Rudolph Peterson - CEO of Bank of America during the 1960's, who joined the bank in 1936 and become its president and CEO in 1963, who saw the banks assets double during his six year tenure as president, and who upon retirement headed up a commission under President Nixon on international development, died Dec. 2 in Piedmont, CA at age 98.
Lloyd Rigler - Entrepreneur who made his fortune selling Adolph's Meat Tenderizer, who in 1948 bought the recipe and the name Adolph's Meat Tenderizer after discovering the seasoning in a Santa Barbara restaurant owned by Adolph Remp, who was a well known philanthropist of opera and ballet, and who was a lifelong bachelor who founded the American Assn. of Single People in 1999, died Dec. 14 of cancer in Hollywood, CA at age 88.

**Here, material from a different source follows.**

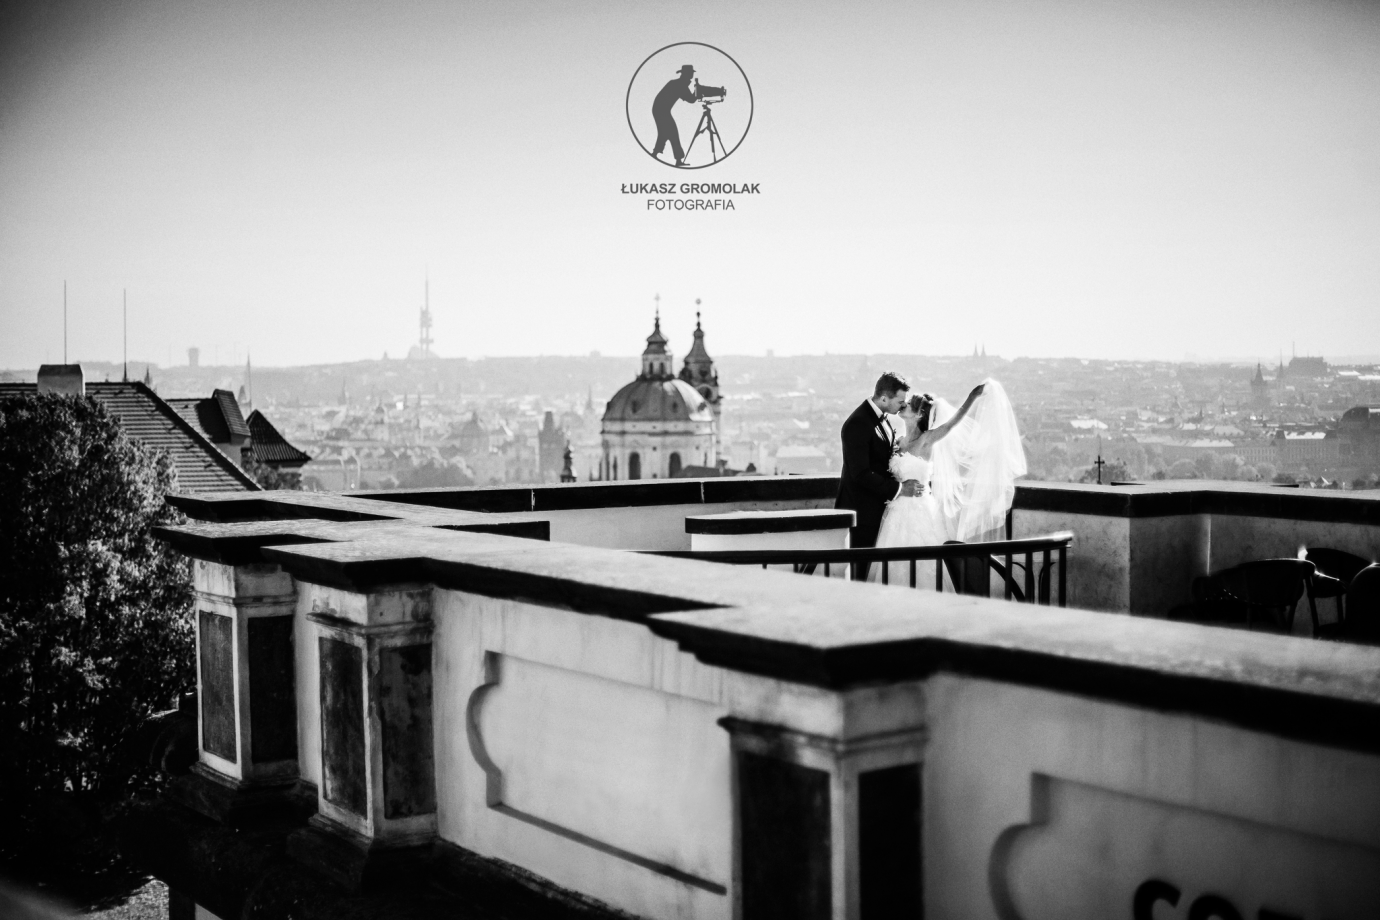 fotograf wroclaw lukasz-gromolak portfolio zdjecia slubne inspiracje wesele plener slubny sesja slubna

John Sidgmore - Internet entrepreneur who became chairman and chief executive of the WorldCom in 2002 after its founder Bernard Ebbers was forced to resign in scandal, who had previously built UUNet Technologies into the dominant carrier of Internet traffic, who became a senior executive at WorldCom when the company swallowed MFS Communications which had merged with UUNet, and who after becoming CEO at WorldCom was leading it through the largest bankruptcy reorganization ever, died Dec. 11 in Potomac, MD of acute pancreatitis and kidney failure at age 52.
A.P. 'Skip' Viragh - Financial advisor who founded and was CEO of Rydex Funds, who was a pioneer in the strategy of leveraged index funds (use of stock index futures and options to try to mimic market benchmarks), and who was named as one of the mutual fund industry's 'power elite' by the Investment News newspaper in 2001, died Dec. 11 of pancreatic cancer in Sarasota, FL at age 62.
Dr. David Weikart - Education researcher and founder of the High/Scope Educational Research Foundation, who undertook the famous Perry Preschool Project, a study of the affects of early education and pre-school on low income children, who in 1962 took 123 low-income 3- and 4-year-olds and placed half in a preschool with highly trained, well-paid teachers, then documented the results over the years (he found that the former preschoolers were more likely to own homes, earn more, were less likely to receive welfare or be arrested for crimes and have children in wedlock), died Dec. 16 in Saline, MI of leukemia at age 72.